Given information ::
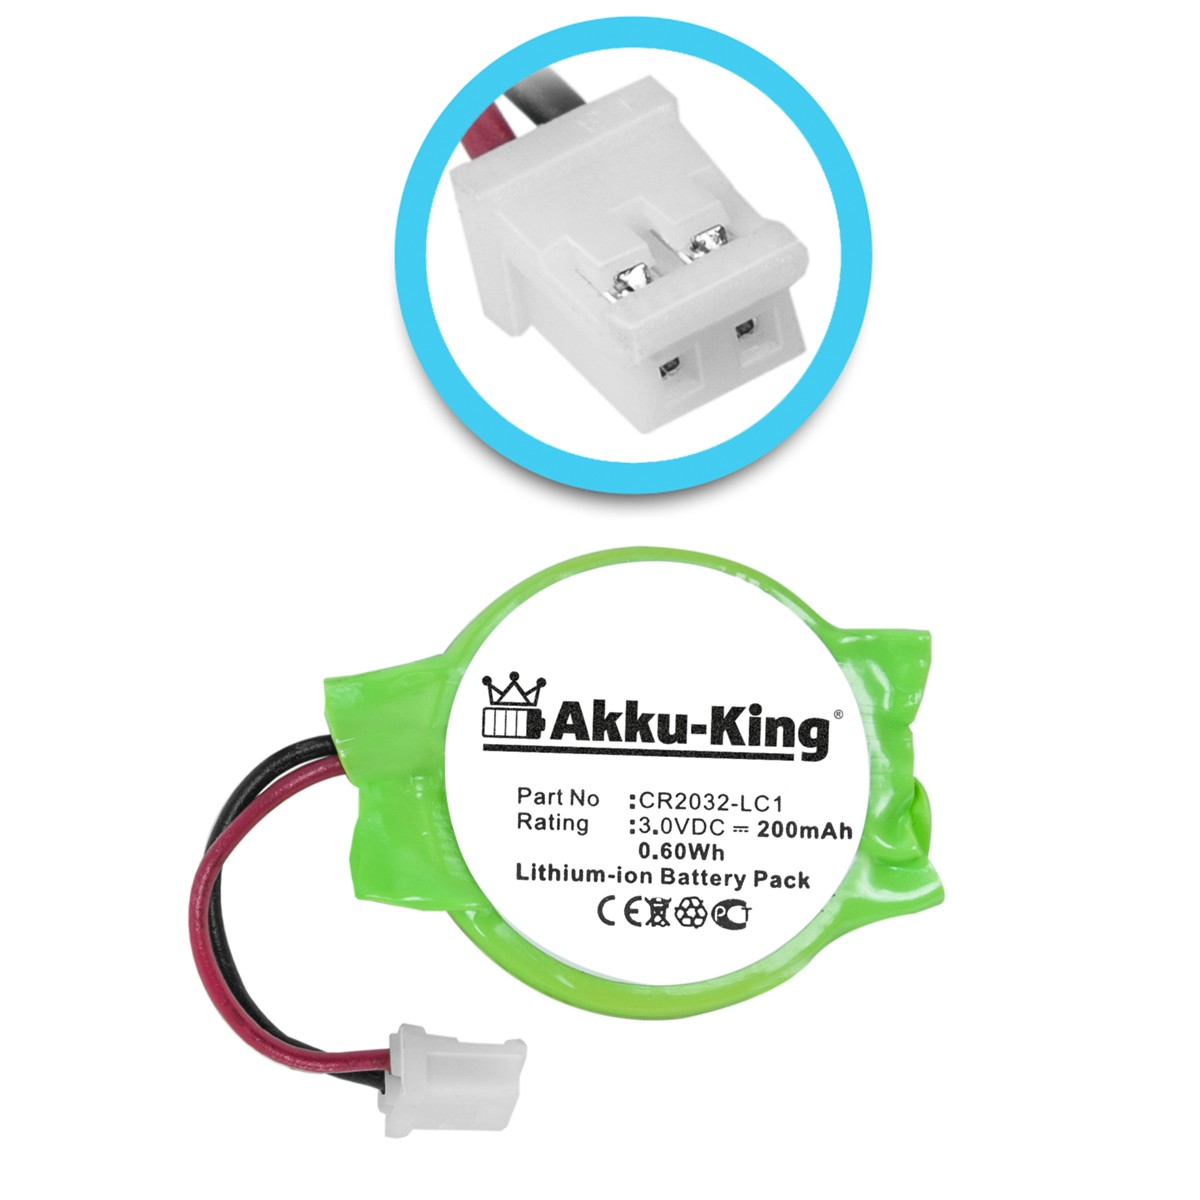 AKKU-KING Akku Sony 3.0 Li-Ion Geräte-Akku, kompatibel 200mAh CR2032-LC1 Volt, mit
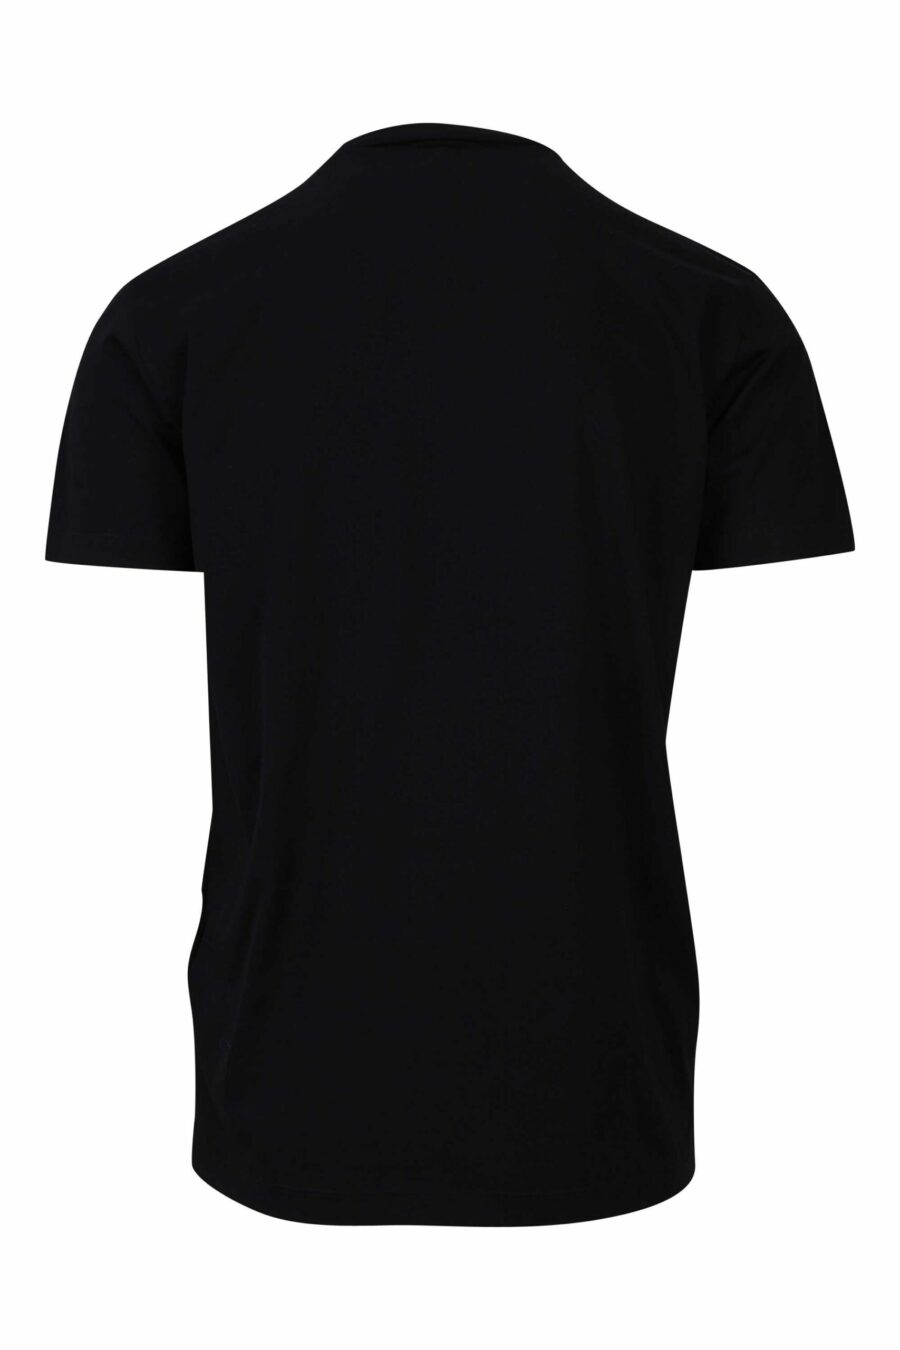 Schwarzes T-Shirt mit blauem und rotem Gothic-Maxilogo - 8054148085940 1 1 skaliert
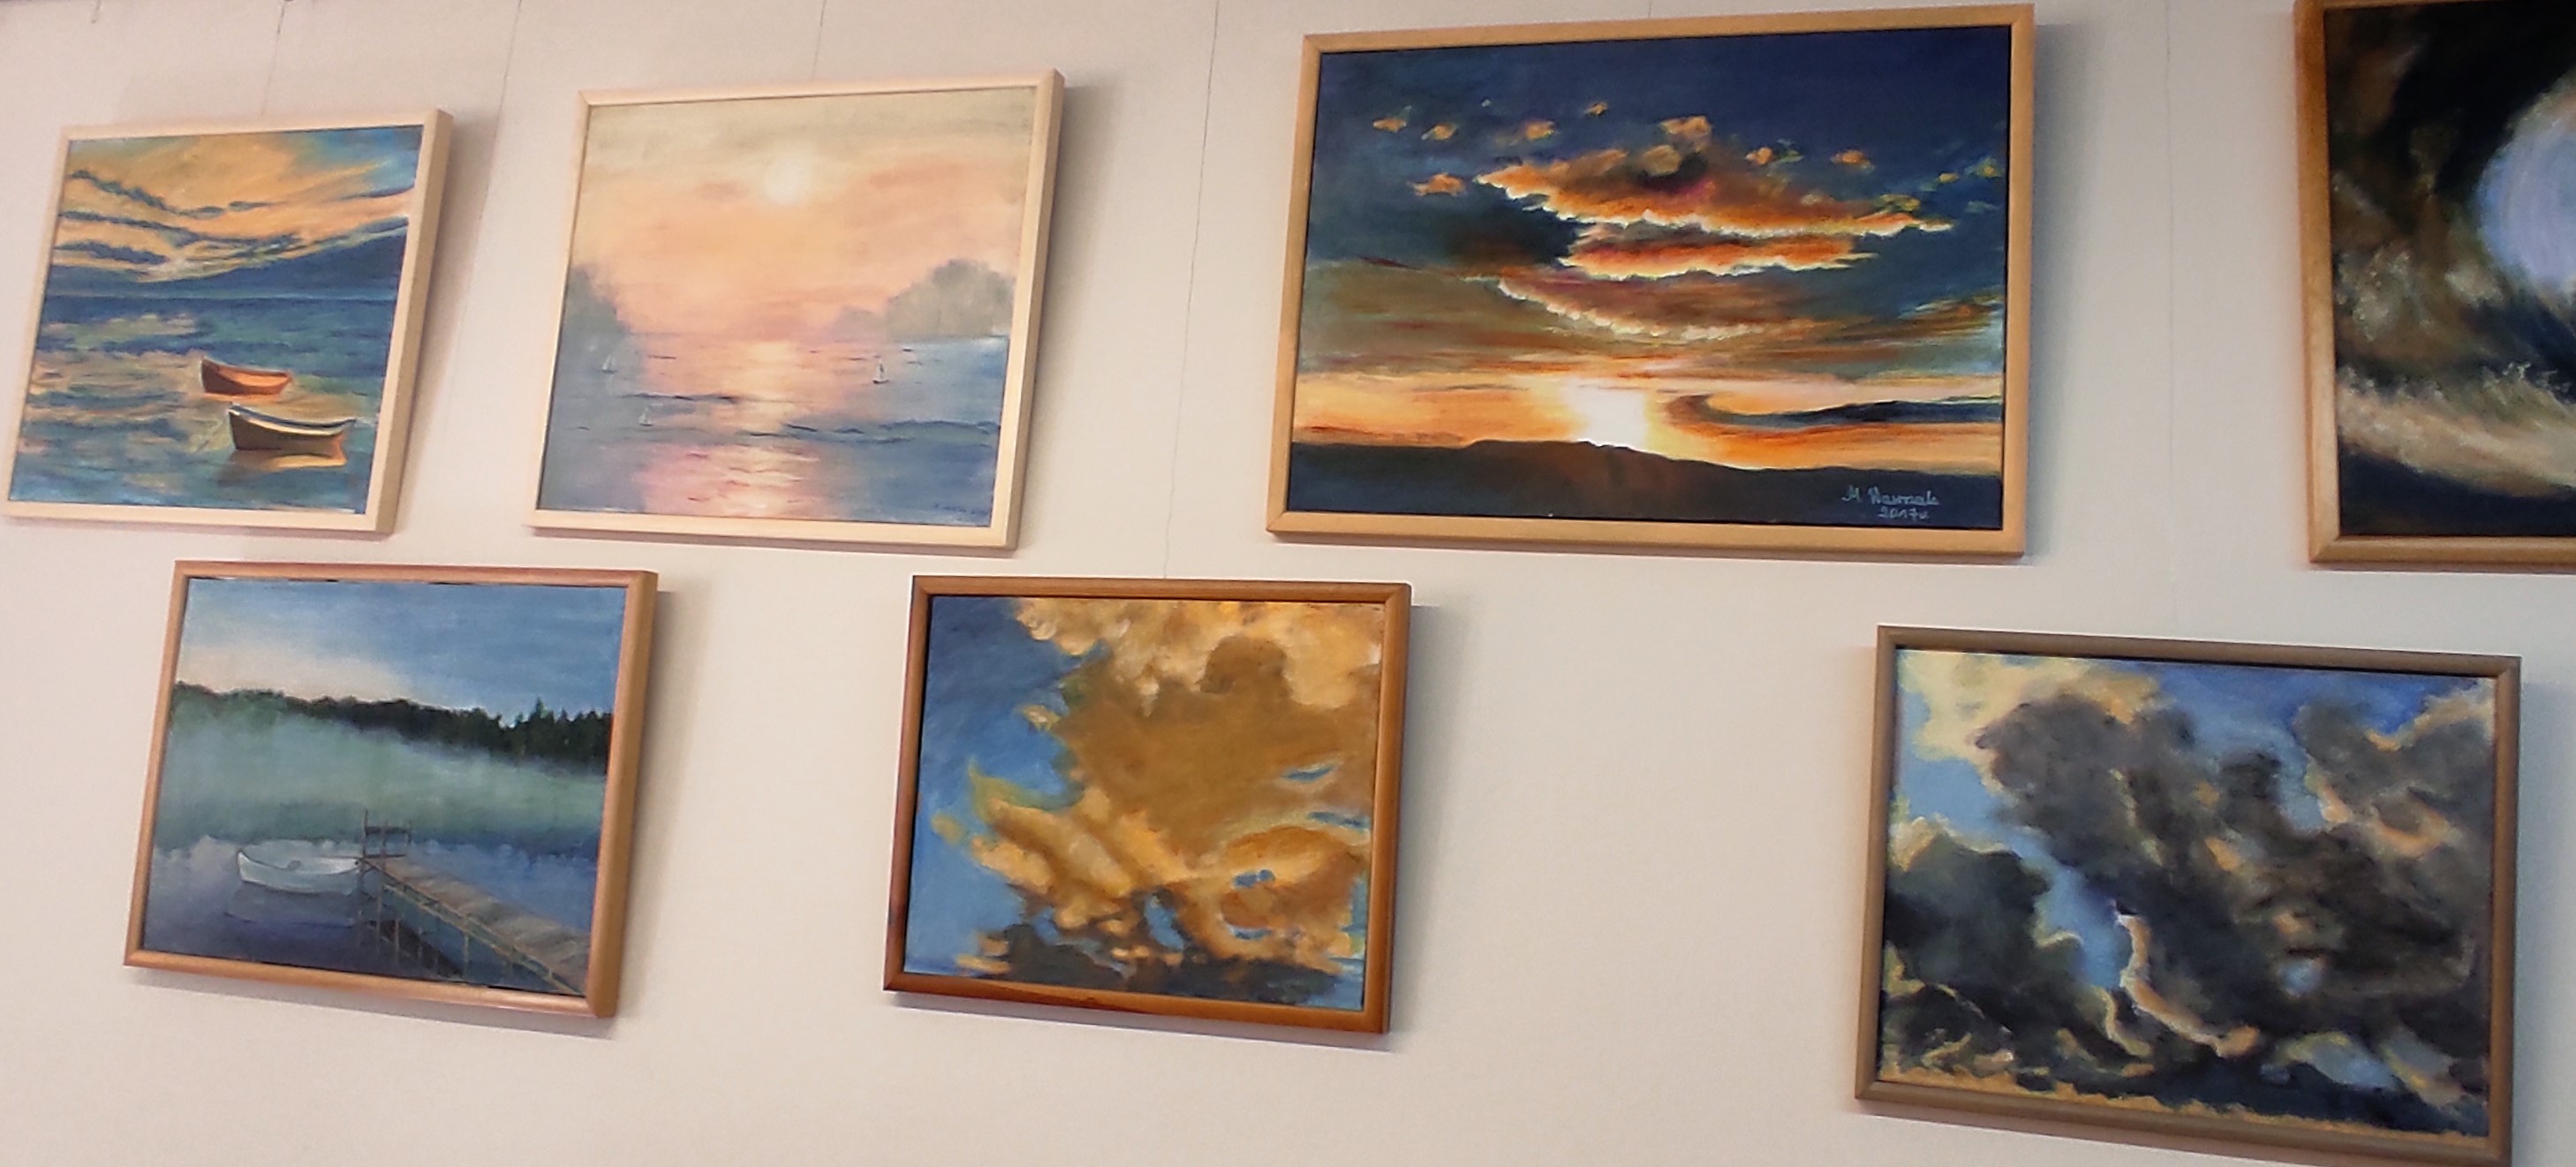 Obrazy przedstawiające morze, jeziora i chmury w kolorach beżowych, niebieskich, granatowych, oprawione w ramy

Your assignment ::
Write out the data in full and exactly as given, though without the images.

Answer to this problem ::
 AKKU-KING Akku Sony 3.0 Li-Ion Geräte-Akku, kompatibel 200mAh CR2032-LC1 Volt, mit
 Schwarzes T-Shirt mit blauem und rotem Gothic-Maxilogo - 8054148085940 1 1 skaliert
 Obrazy przedstawiające morze, jeziora i chmury w kolorach beżowych, niebieskich, granatowych, oprawione w ramy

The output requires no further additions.